Der Nixen-Clan (Band 5)

Freudenfeste

Seit fünf Jahre lebt Yín Lóng, der Silberne Drache, als Partnerin an der Seite von Draco, den der Meermann Ammon liebevoll aufgezogen hatte. Für Draco werden die Nixen und Meermänner immer Familie bleiben, denn er fühlt und lebt wie sie. Daran ändert auch nichts, dass ihn Lóng Mǔ und Dá Lóng, das Königspaar der Lóng, nun offiziell als Sohn anerkennen. Über diese Konstellation freut sich nicht nur das Meervolk. Es ist der Beginn einer neuen Ära im Leben der Meerdrachen, die bisher die männlichen königlichen Nachkommen töteten oder verstießen.

Doch auch auf der Erdoberfläche gibt es positive Veränderungen. Ab und zu kann die Sonne die Vulkanstaubwolken durchdringen und sichert einigen Landpflanzen ein kümmerliches Überleben.

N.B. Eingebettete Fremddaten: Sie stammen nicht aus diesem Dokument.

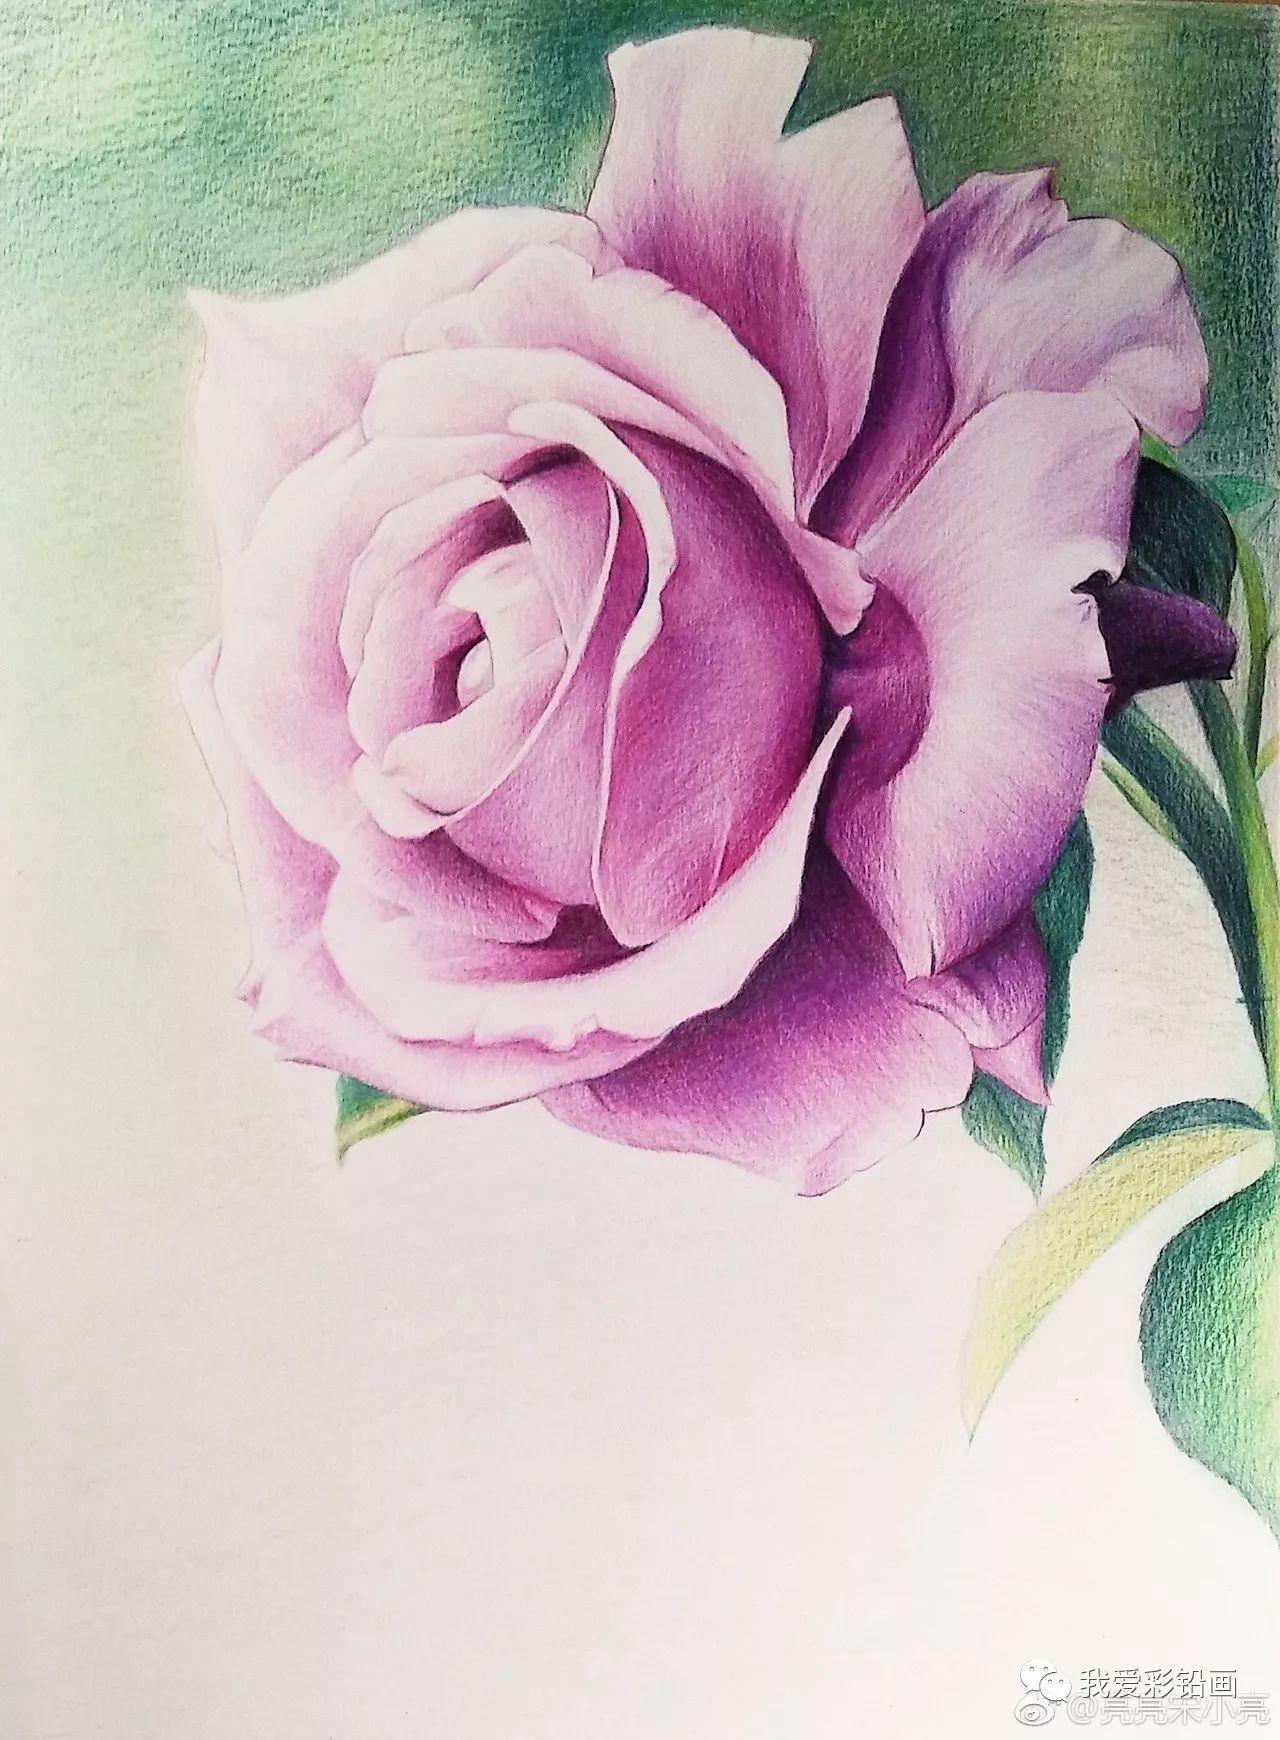 彩铅手绘--玫瑰花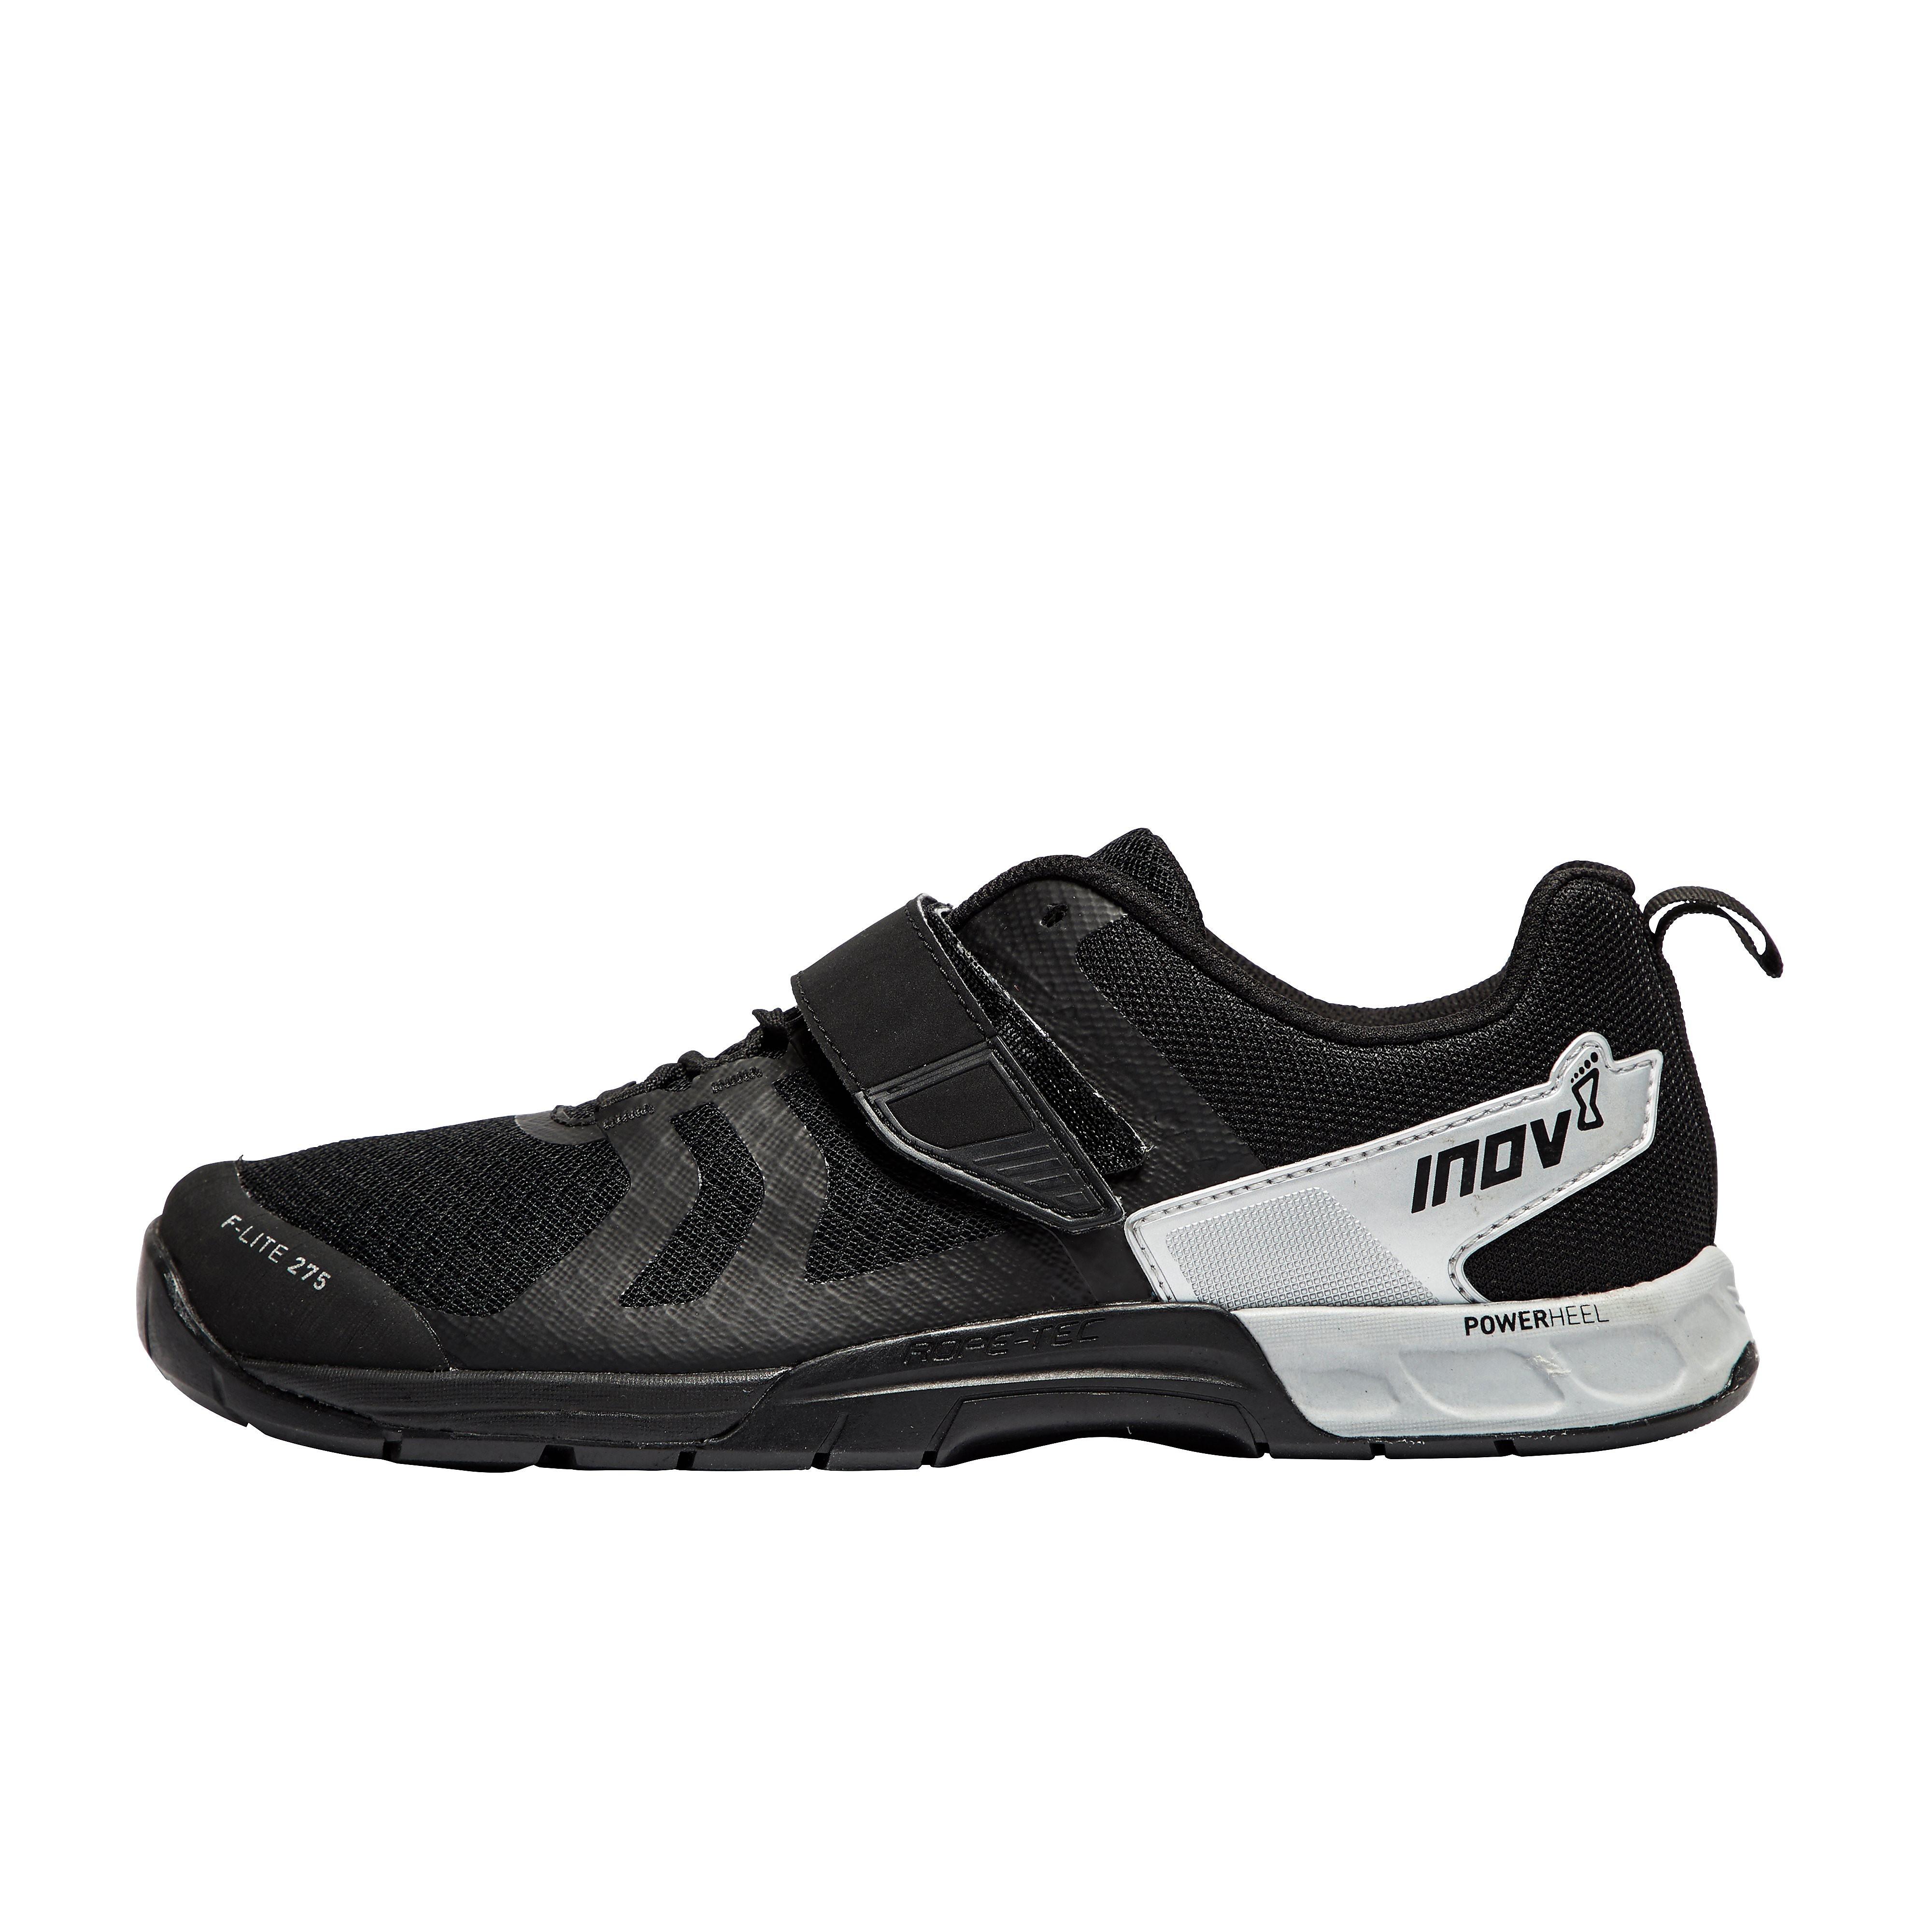 Inov-8 F-LITE 275 Men's Training Shoes

Endlich wächst auch der Tang in den Plantagen wieder zufriedenstellend und garantiert die Existenz der Clans des Meervolkes.

Die befreundeten Lóng aus dem Tiefseegraben kommen immer wieder gern zu den Drachenfesten des Meervolks, bewundern die Kunstfertigkeit der Wilson-Rakaa und Enga und lauschen den wundersamen Geschichten, die Tiku zu erzählen weiß. Inzwischen ist es ein fester Ritus, dass die Zusammenkünfte mit dem Königslied begonnen werden, wie in uralter Zeit.

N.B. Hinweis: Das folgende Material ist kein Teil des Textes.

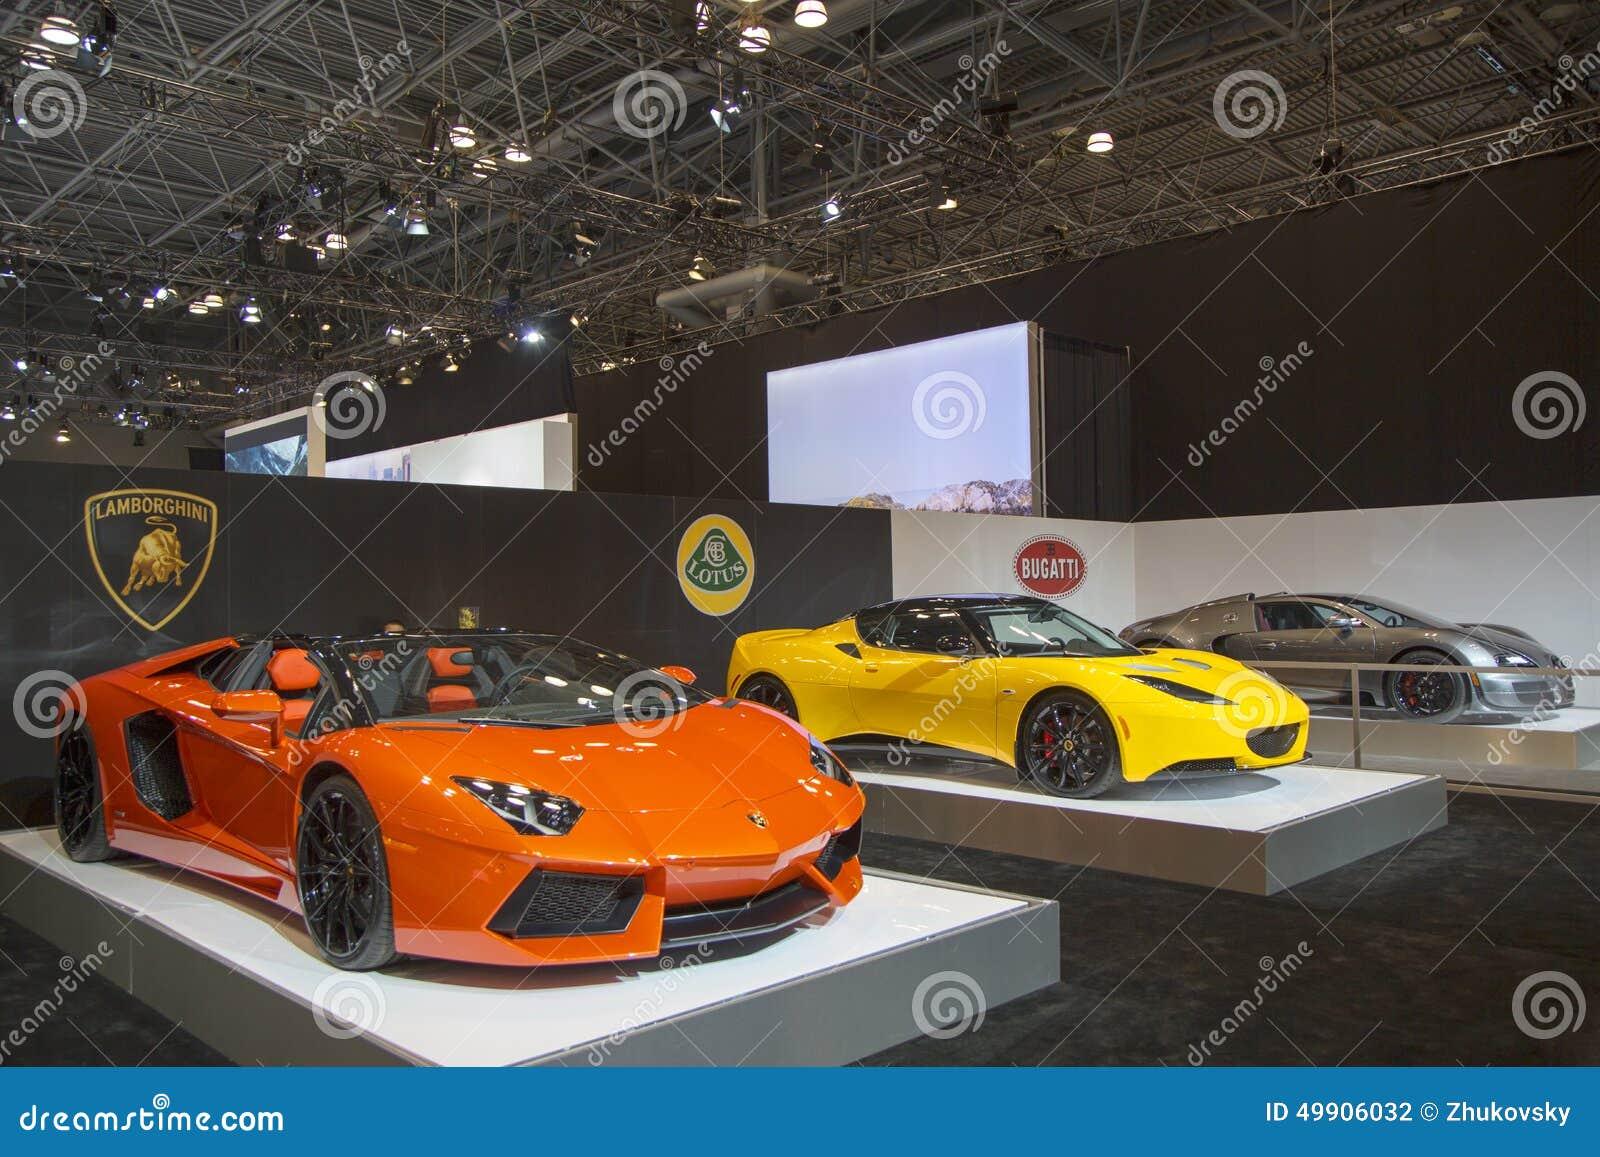 Lamborghini Lotus And Bugatti Luxury Sport Cars Editorial

Dank der Fürsorge umeinander sind die Meerwesen von Verlusten in den eigenen Reihen verschont geblieben. Triton und Nemo, die Söhne von Ammon und Tiku sind unzertrennlich. Seit ihrem Abenteuer mit den Nuoni haben sie keinerlei Unfug mehr angestellt, fleißig gelernt, und Kïa, die Königin der Enga-Nixen, hat ihnen sogar die Aufsicht über die kleinsten Kinder übertragen, weil auf beide höchster Verlass ist.

Tiku glaubte, sich verhört zu haben, als es ihm Kami ganz nebenbei mitteilte. „Bist du sicher, dass das nicht anders herum ist?“, fragte er erstaunt.

Kami lachte herzlich. „Irrtum ausgeschlossen. Die beiden sind nämlich die Söhne ihrer Väter und auf die können sich alle zu 100 Prozent verlassen.“

Yín Lóng sah das genau wie Kami. Sie war froh, die beiden Knaben als Helfer zu haben, denn die filigranen Enga-Babys huschten pfeilschnell von Ort zu Ort und waren buchstäblich überall. Das ganze Volk atmete auf, als die Kleinen schließlich alt genug waren, um von Kami, Tiku, Liana und Siria in allem ausgebildet zu werden, was man tief im Meer, aber auch in der Menschenwelt, wissen musste. Tiku übernahm den naturwissenschaftlichen Part. Natürlich standen Singen und Kreativität genau so auf dem Programm.

Yín Lóng liebte es, die Schüler und Lehrer bewachen zu dürfen, erfuhr sie doch so auch immer wieder nützliche Dinge, oder konnte Zusammenhänge herstellen, wo ihr bisher der Überblick gefehlt hatte. Kïas kleines Volk war stolz darauf, Teil dieser Gemeinschaft zu sein.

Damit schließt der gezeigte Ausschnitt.